Dask is a Python library, so it operates with Python programs. So Dask does not interact with the C++ library directly.

Dask launches workers running XGBoost Python, which then calls C API functions in libxgboost.so.

Ok. So I understand that for the latest version you have support for dask with xgboost python library. For earlier versions, how did you run xgboost model building on multi GPU? In the xgboost 0.82 documentation I see that there is support for multiple GPU run in the release notes:

New feature: Multi-Node, Multi-GPU training (#4095)

  • In Dask, users will be able to construct a collection of XGBoost processes over an inhomogeneous device cluster (i.e. workers with different number and/or kinds of GPUs).

But I am not able understand how in 0.82 can xgboost be used with dask.

@VigneshN1997 In 0.82, there was no convenient wrapper for provisioning worker processes with GPU allocation.

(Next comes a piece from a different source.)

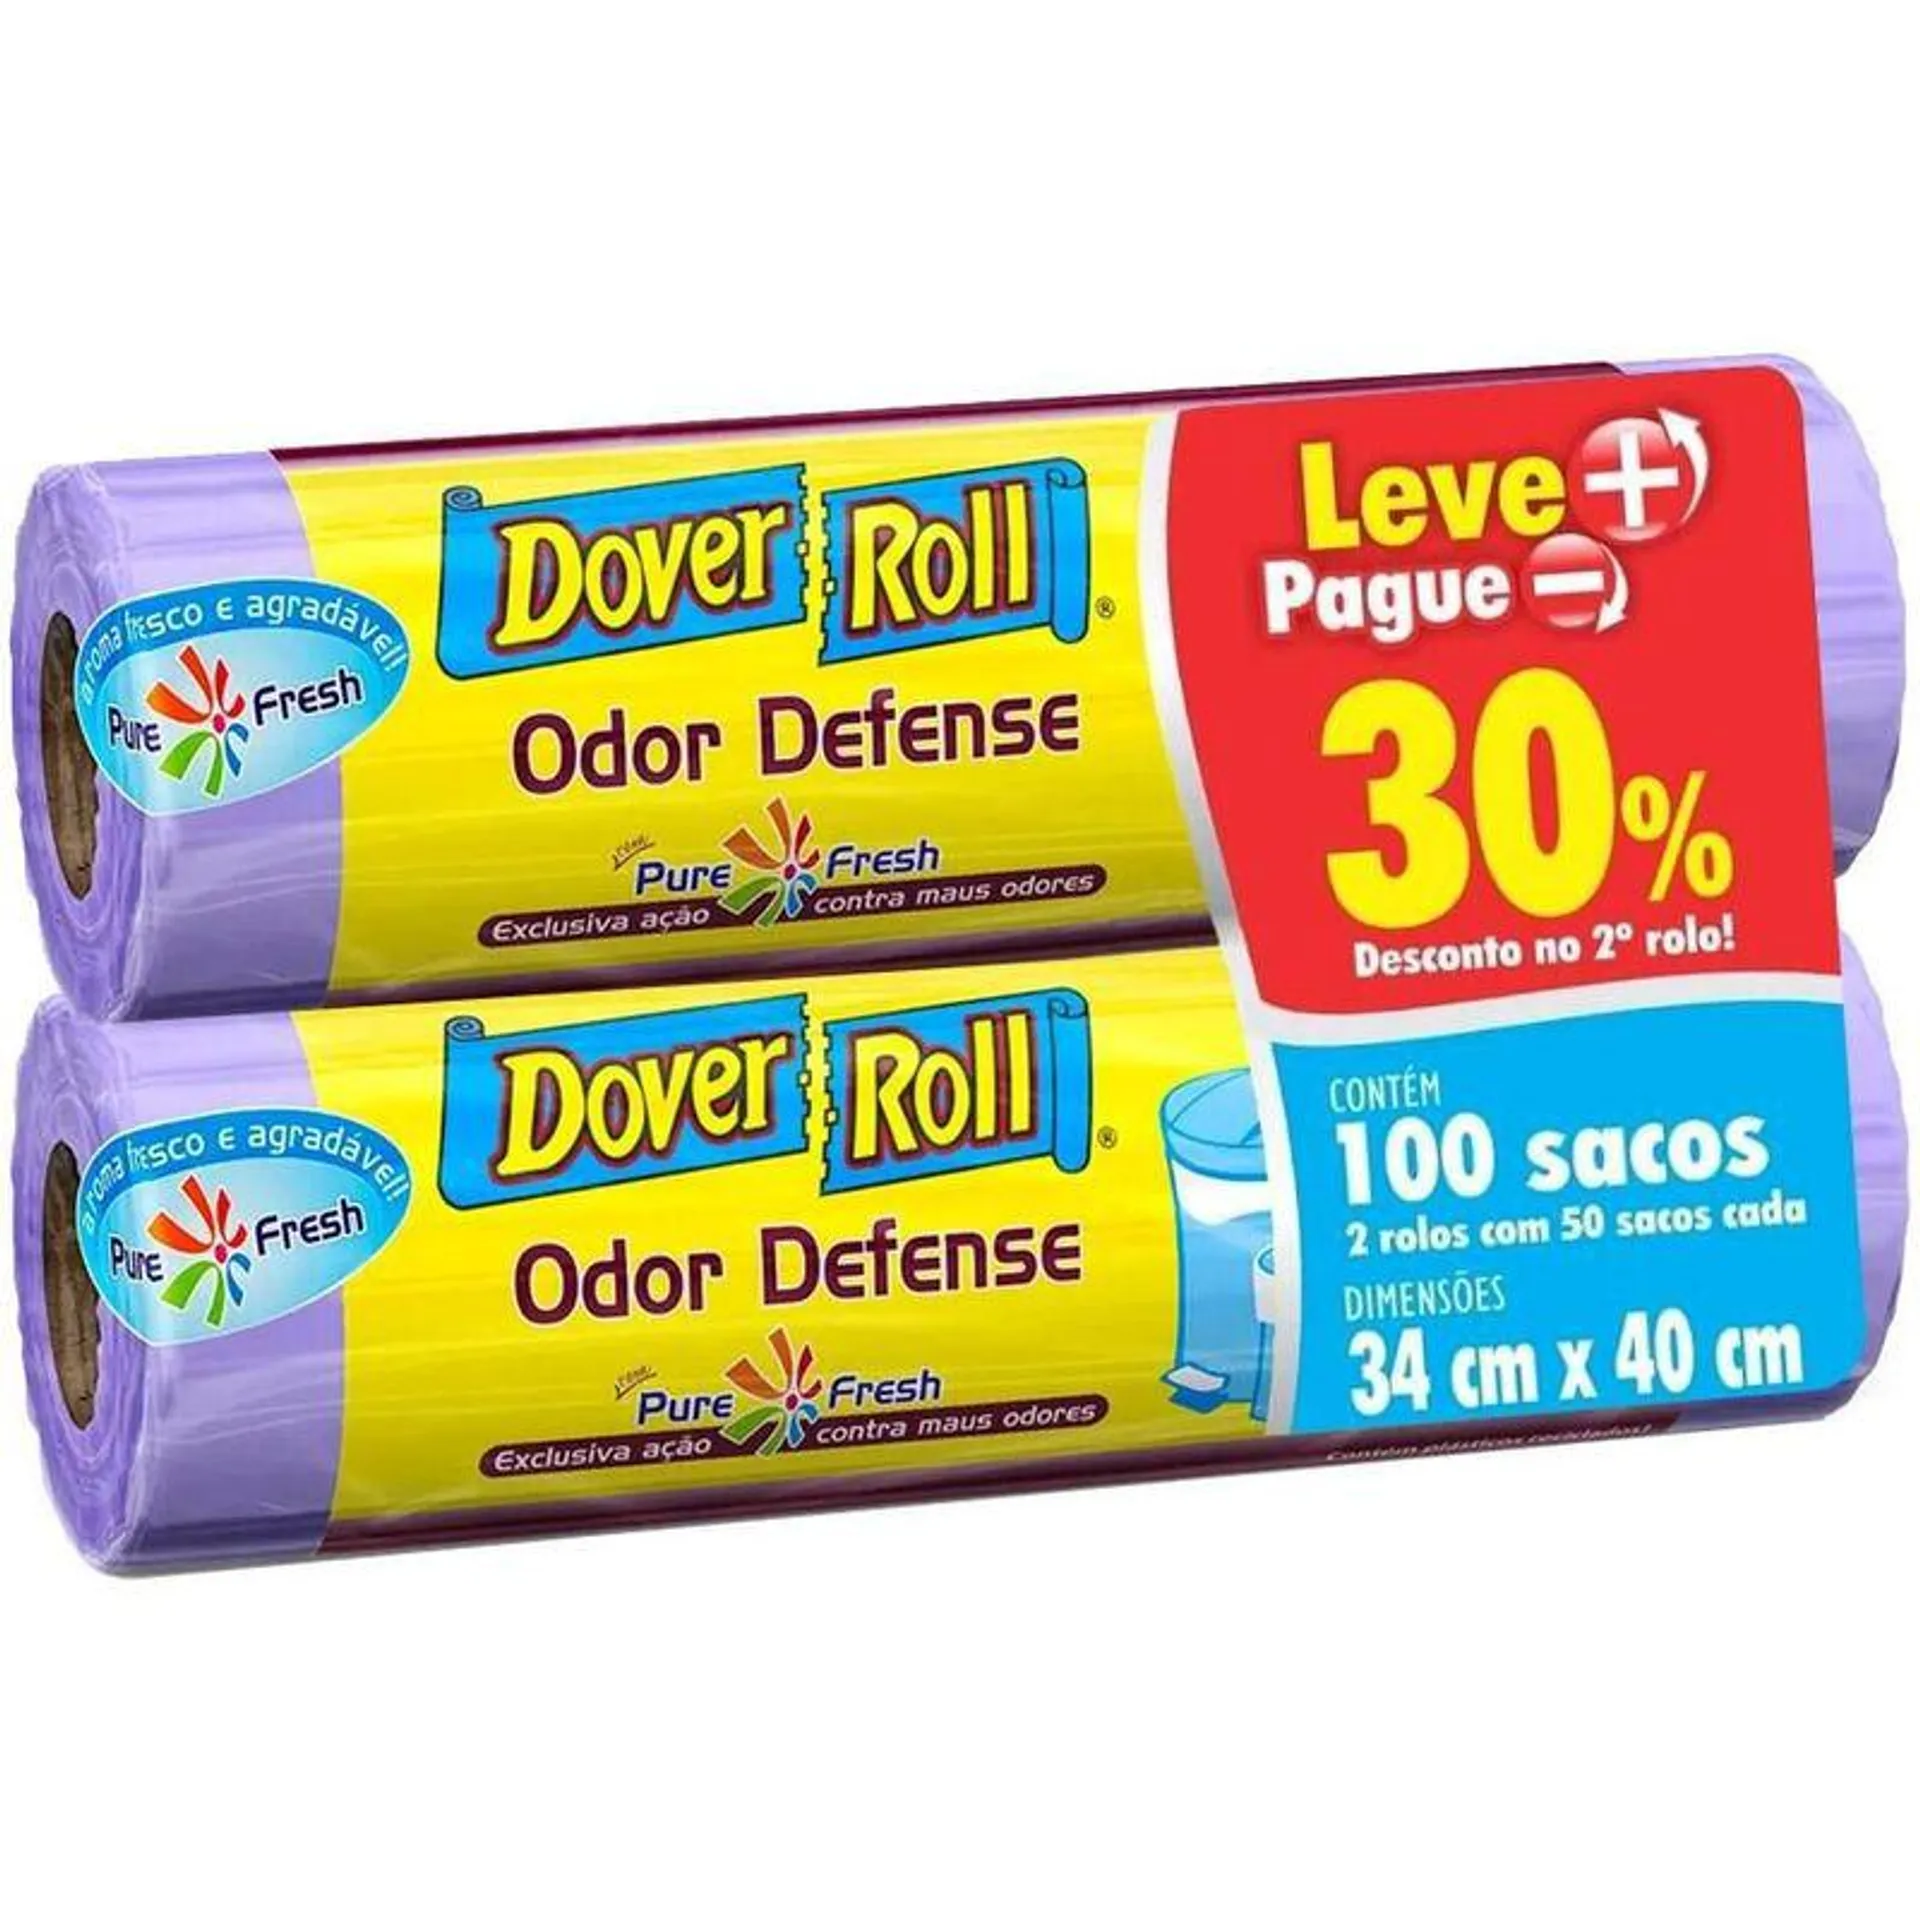 Saco Para Lixo Dover Roll Banheiro & Pia Odor Defense 30% De Desconto No 2º Rolo 34cm X 40cm Rolo Com 100 Unidades Leve + Pague -

You had to manually invoke the DMLC tracker script like this:


While 0.82 contained an initial support for multi-GPU training, it was quite difficult to set up in practice.

Starting with 1.0.0, XGBoost provides a seamless integration with Dask, so that it’s now easy to provision workers from the main process:

with LocalCUDACluster(n_workers=2) as cluster:
    with Client(cluster) as client:
        dask_df = dask.dataframe.read_csv(fname, header=None, names=colnames)
        X = dask_df[dask_df.columns.difference(['label'])]
        y = dask_df['label']
        dtrain = xgb.dask.DaskDMatrix(client, X, y)
        output = xgb.dask.train(client,
                            {'tree_method': 'gpu_hist'},
                            dtrain,
                            num_boost_round=100,
                            evals=[(dtrain, 'train')])

In addition, 0.82 used to support using multiple GPUs from a single process, whereas 1.0.0 drops that support: https://github.com/dmlc/xgboost/issues/4531. The rationale is that managing multiple GPUs from a single process introduces lots of complex code path, and enforcing 1:1 assignment between GPUs and processes greatly simplifies the code. Currently, if you have N GPU cards in your machine, you’d need to provision N worker processes. This is easy to do using the LocalCUDACluster abstraction.

Thank you. I will look into this and get back if I have any doubts.

Although most of nvidia’s rapids.ai packages are python wrappers, you may find some guidance there.